Suppression of effector immune cell function: Dendritic cells (DC) are antigen-presenting cells with VEGF-binding surface receptors (mostly VEGFR2). This interaction appears to suppress the transcription factor NFkB, which prevents dendritic cell maturation and results in PDL1-induced DC function blockage [38,39]. VEGF also inhibits monocyte development into dendritic cells. Uninterrupted VEGF exposure significantly reduced dendritic cell growth, while increasing the generation of B cells and immature Gr1+ myeloid cells. VEGF also lowers T cell activities by inhibiting the development of progenitor cells into CD4+ and CD8+ lymphocytes [40]. This happens because continuous VEGF expression is linked to NF-kB transcription factor activity suppression in bone marrow progenitor cells. In a finding from by Ohm group, VEGF inhibited the formation of T cells from early hematopoietic progenitor cells, suggesting that VEGF may have an immunosuppressive effect in malignancies [41]. VEGF significantly reduced the cytotoxic activity of T cells generated from peripheral blood samples and activated T cells displayed higher VEGFR2 [42]. According to Ziogas et al. T lymphocytes from ascites related to ovarian cancer produced similar results [43]. In addition to its direct effects on T cells, VEGF can decrease T-cell activity by up-regulating FasL on the endothelium in conjunction with cyclooxygenase [44,45].

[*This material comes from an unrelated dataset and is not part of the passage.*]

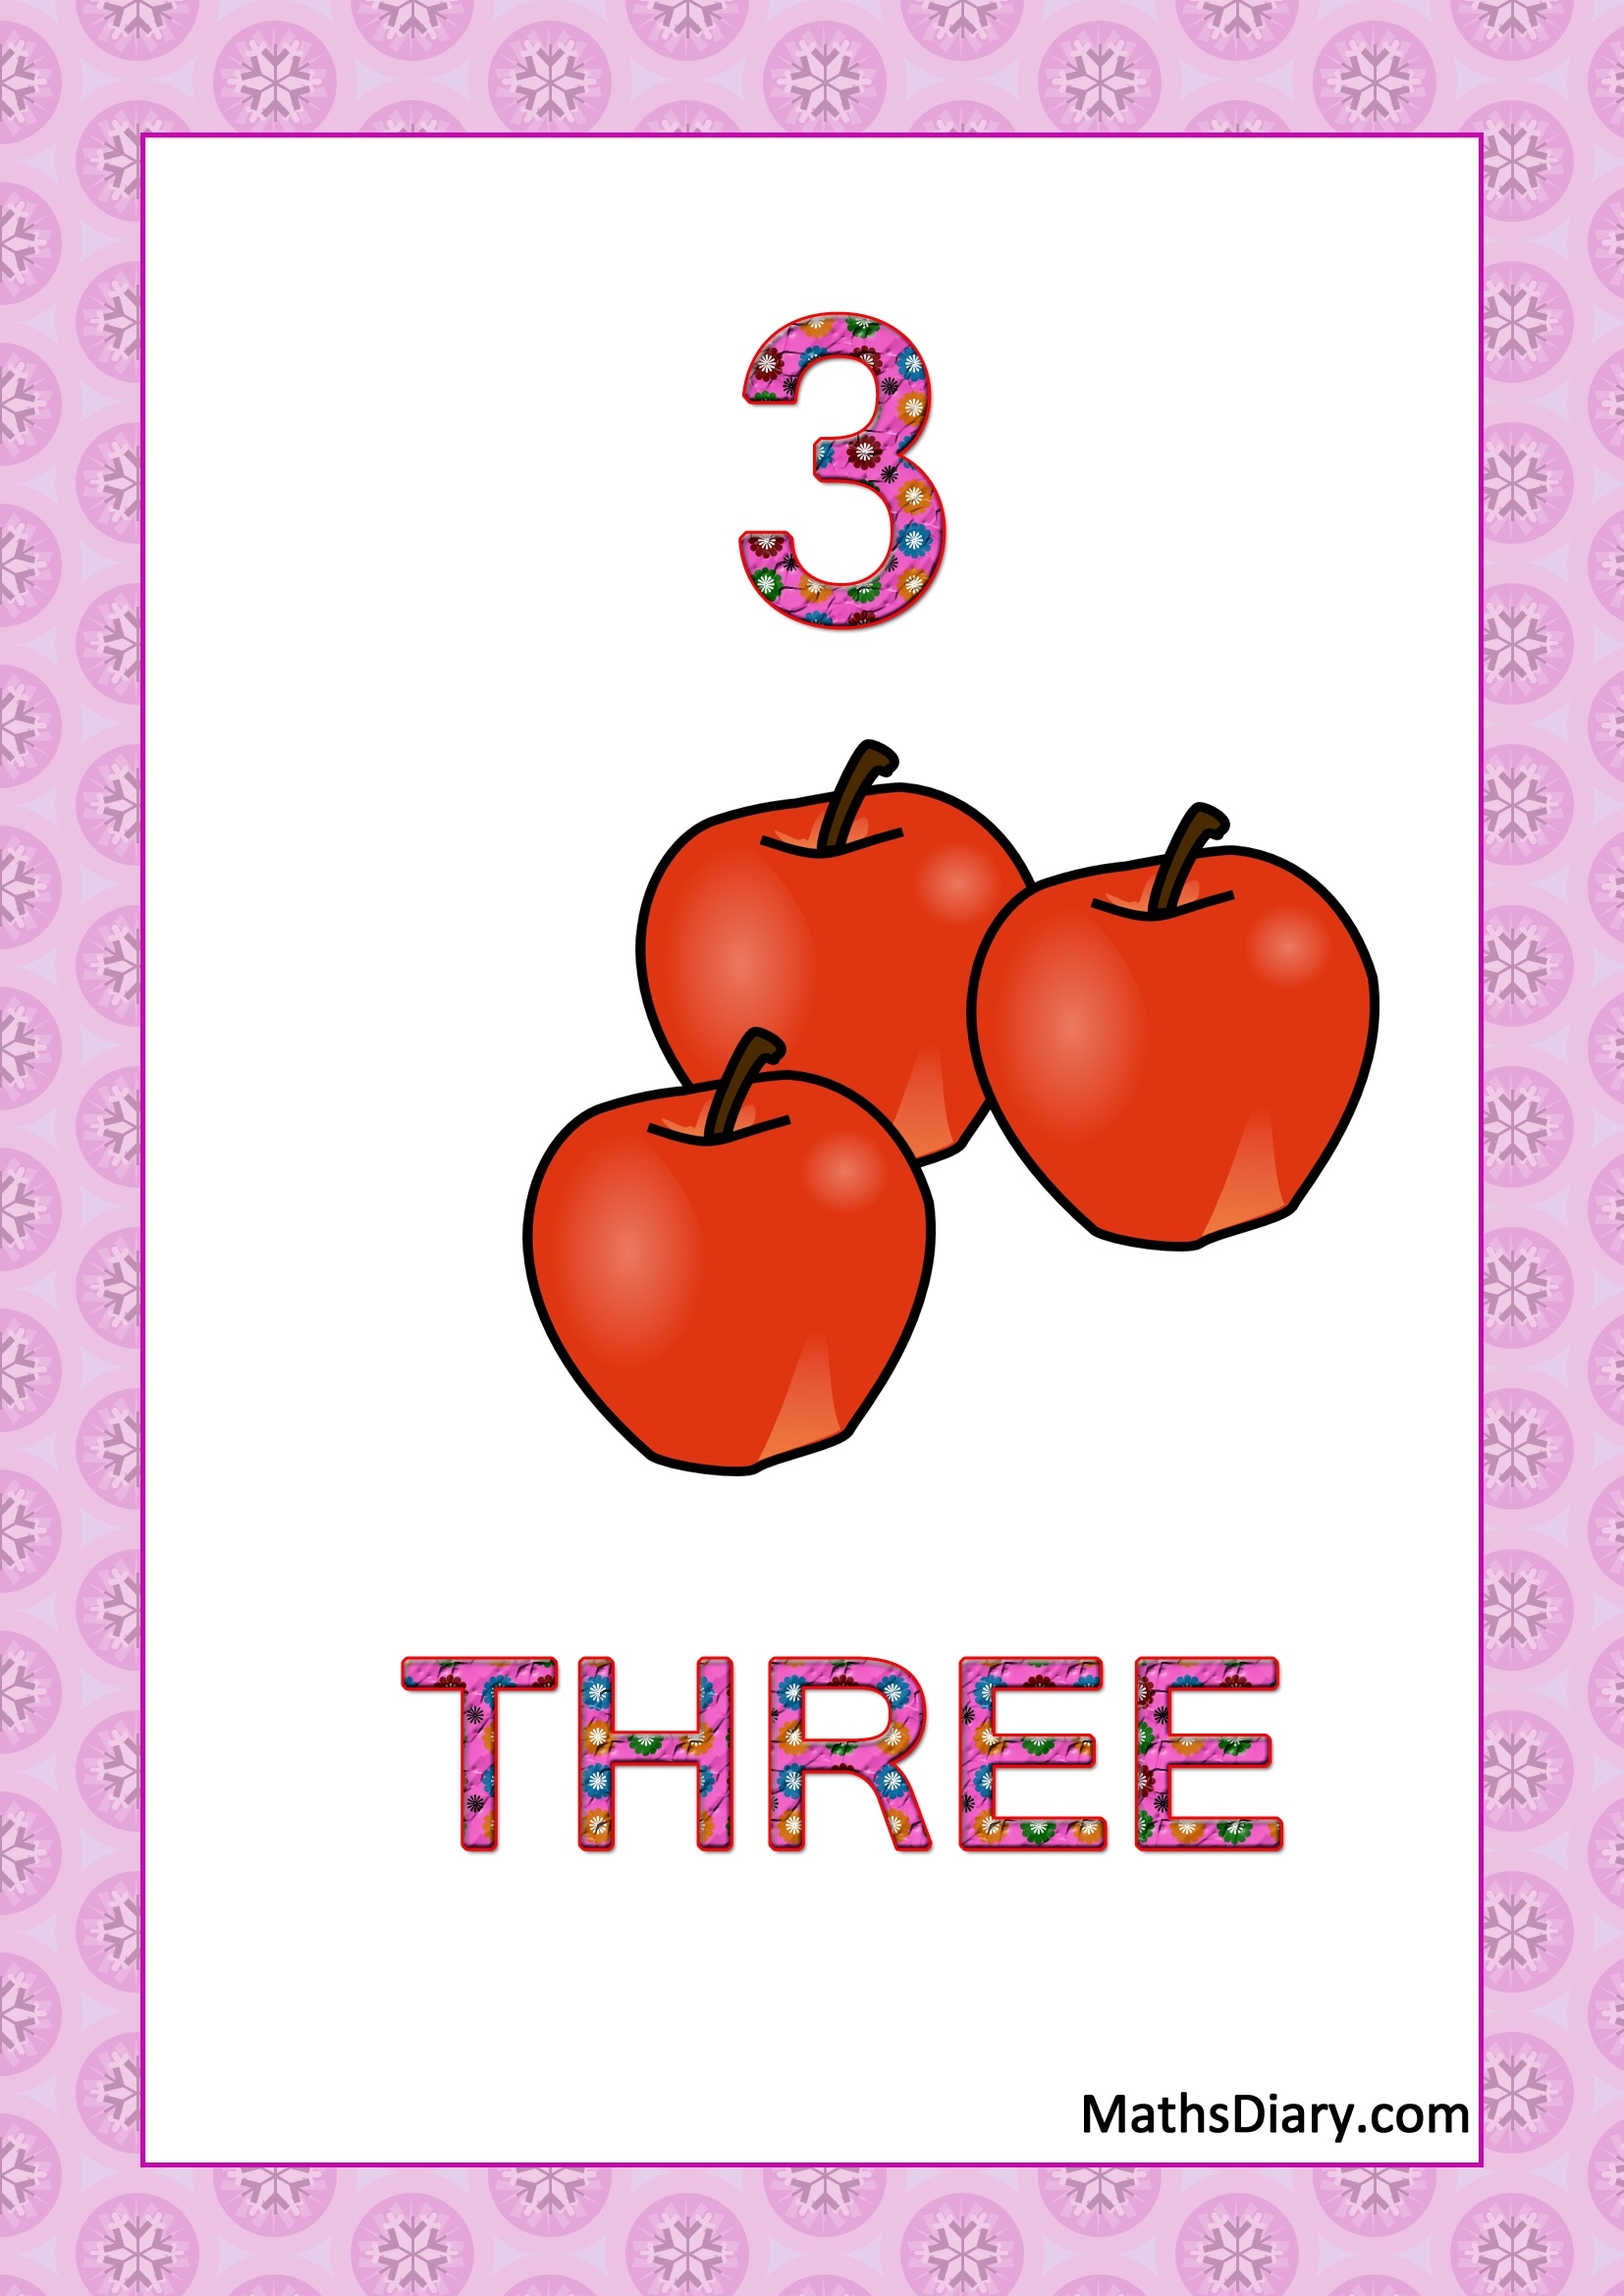 Learning Counting And Recognition Of Number 3 Worksheets Level 1 Help Sheets Part 1 Math

PDL1 is expressed in cancer cells and binds to PD1 to suppress CD8+ T cell immunological responses [46]. PD1/PDL1 expression is associated to a poor prognosis in cancer patients [47]. VEGF induces PD1 expression on CD8+ T cells and Tregs, according to studies [48]. PDL1 is also increased in cancer cells after exposure to VEGF [49]. VEGFA released in the TME increases the expression of PD1 and other inhibitory checkpoints involved in CD8+ T cell exhaustion, which can be countered by anti-angiogenic agents that target VEGFA–VEGFR. PDL1, CTLA4, TIM3, and LAG3-mediated signaling lowers effector T cell proliferation and cytotoxic effects on cancer cells [50], while increasing effector T cell anergy and exhaustion [48]. Hypoxia and subsequent angiogenesis also promote PDL1 and CTLA4 overexpression on MDSCs, TAMs, DCs, and cancer cells directly via HIF1 [51]. HIF2 has also been linked to the expression of PDL1 in cancer cells [52]. Tumor-infiltrating effector T cells are anti-tumorigenic that recognize cancer cells and help in their elimination. VEGF-driven angiogenesis, on the other hand, prevents effector T cells from infiltrating the tumor by lowering the expression of endothelial intercellular adhesion molecule-1, lowering their number in the tumor's vicinity and making the TME tolerogenic [53]. Continuous VEGF exposure reduces the number of T cells and lowers the T cell to B cell ratio in lymph nodes and spleen, implying that VEGF is to held responsible for the tumor-associated thymic deficiency [33]. Normal immune activity in cancer patients gradually deteriorates as the thymus fails to replenish the peripheral T-cell pool after prolonged VEGF overexposure [33].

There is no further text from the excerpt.